— Ух ты! — хмыкнул Томми. — А ведь умеет бегать, да.
Морис, побежденный, тащился обратно к дому понуро, задыхаясь, Эдвард был как огурчик. Перемахнул ограду в тылах и поскакал через сад, ко всем на крыльцо, сияющий, молодцеватый. Морис еле плелся. Эдвард осклабился:
— Честь спасена.
Но Мэри заметила, как поредели у него волосы. И когда отстает эта прядка, видишь ямку над виском, где операцию ему делали, — после той катастрофы на мотоцикле, прошлой зимой, в Берлине. Да, видно, тряхануло его — жуть. Лучше не смотреть на эту ямку. И Мэри спросила с улыбкой:
— Совсем моего ребенка извести удумал?
— Прости.
Прошли через прихожую, вышли на террасу. Утро стояло серое, четкое, копя в себе новый дождь.

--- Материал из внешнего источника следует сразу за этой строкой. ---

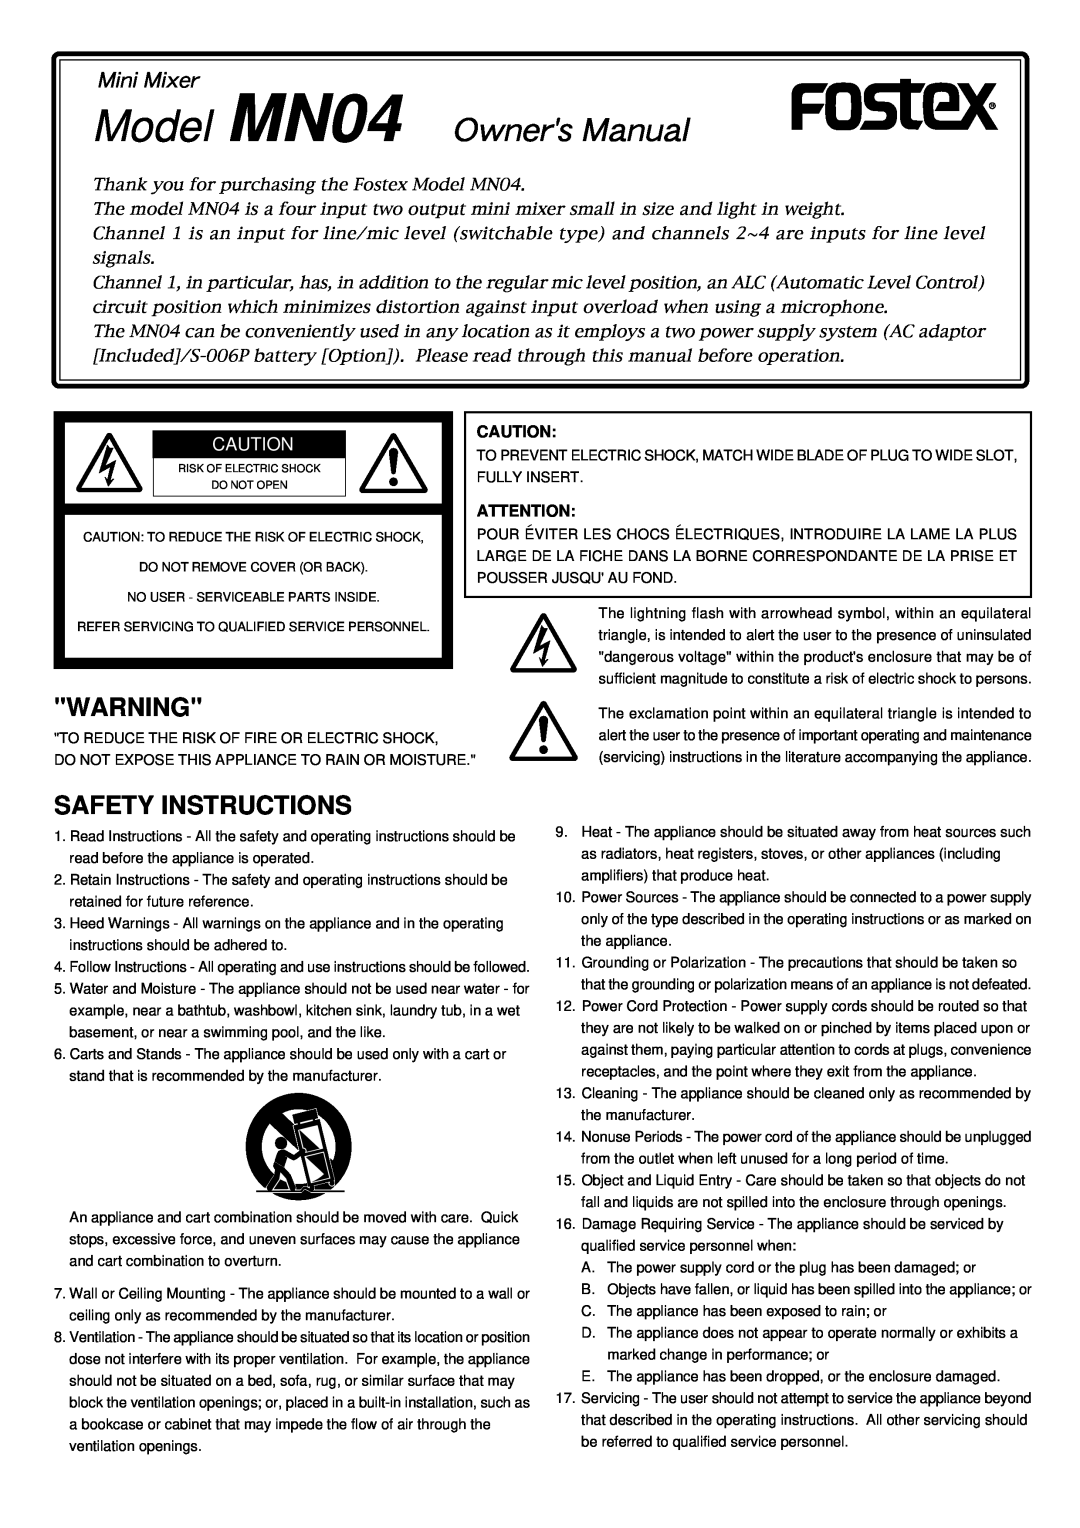 Fostex Manual MN04 owner manual Safety Instructions, Mini Mixer

— Какой вид! Так бы смотрел и смотрел без конца! — вздохнул Эрл.
Такой невинный, мальчик совсем, и уголки воротника так трогательно пристегнуты на пуговичках, стоит, щупает замшелую стену, неотрывно смотрит в долину. Не больно бы ты обрадовался, мой миленький, приведись тебе такое изо дня в день, думала Мэри, и как по-дурацки упиваются янки этим семнадцатым веком, и смех и грех. Но все равно — пробилась привычная мысль, — да, все они мои дети.
Все они мои дети, и даже Жорж, — вот он, кстати, вплыл лучезарно в поле зрения на краю террасы: широкополая шляпа, крапчатый галстук-бабочка, клетчатый костюм, рыжие башмаки, — набродился, сараи осматривал.
— А я куриц видаль, — объявил восторженно. Так-так, значит, Компстоллы втихаря кур разводят. Маргарет что-то рисовала на обороте конверта.
— Пойдем, глянем на этих кур, — предложил Эдвард.
— Ты идешь? — спросили у Мэри.
— Нет уж, ребятки. Я, пожалуй, посижу. Можно и отдых дать на несколько минут своим старым ногам.
— Старая ленивая корова! — хмыкнул Морис.
— Спасибочки на таком на вашем на добром слове, милок.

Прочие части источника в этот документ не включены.